Prompt =
Beginning at the line that contains "Down by the", transcribe the remaining lines of the listing exactly; include the final line and omit everything before.

Given data =
* * * *

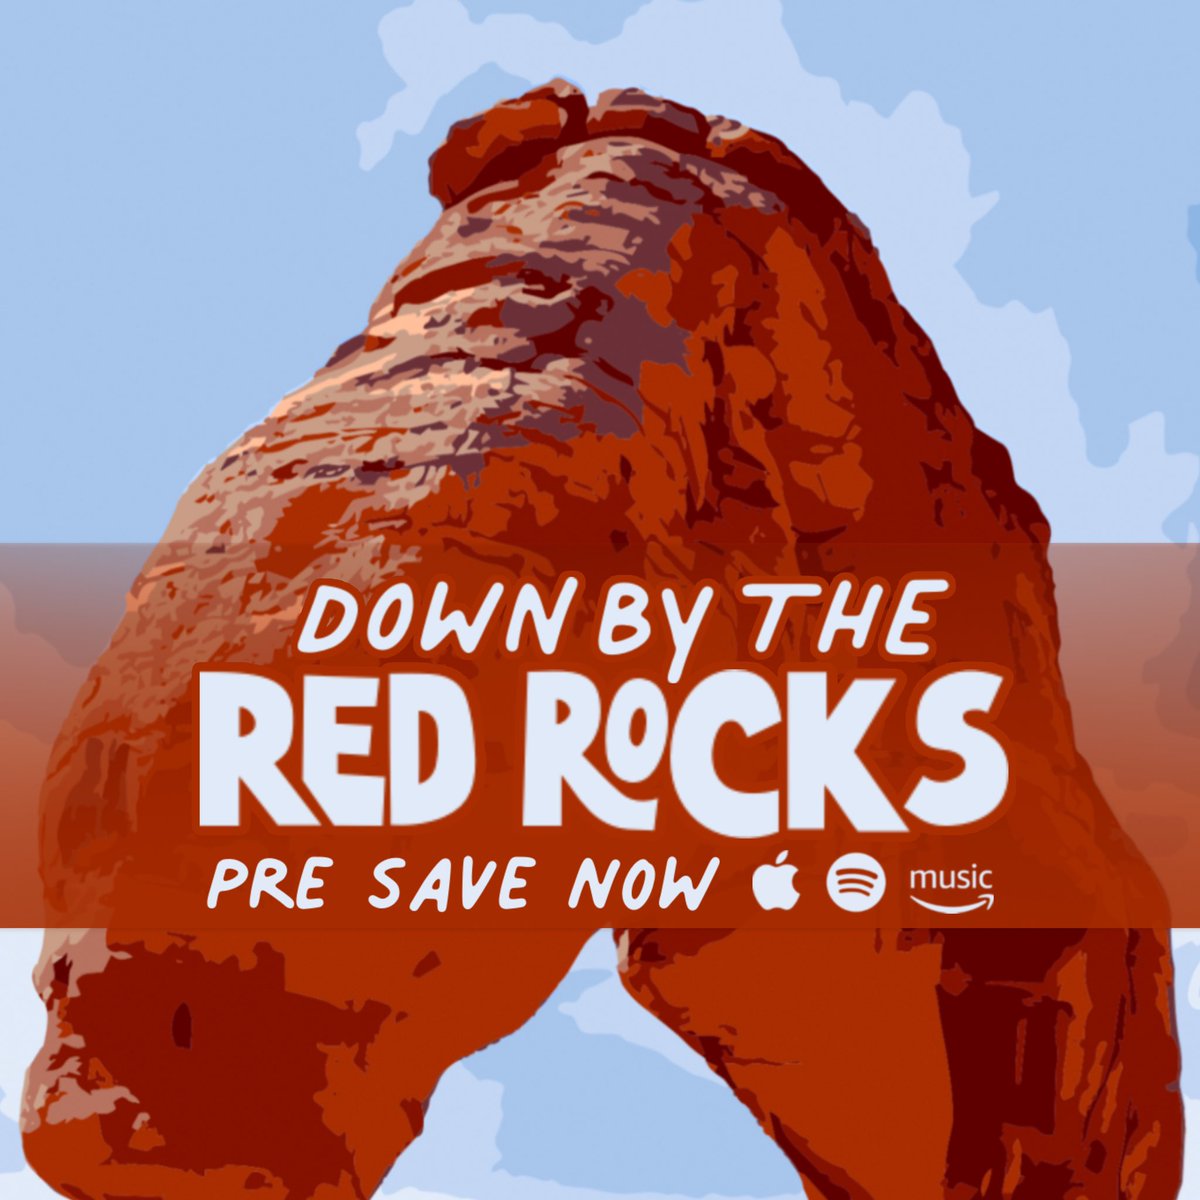 Can’t wait to share this summer jam with you!
Down by the Red Rocks will be out 2 weeks from today:)

You can pre-save it here now! #newmusic #presave #redrocks

* * * *

Reply to the exercise =
Down by the Red Rocks will be out 2 weeks from today:)

You can pre-save it here now! #newmusic #presave #redrocks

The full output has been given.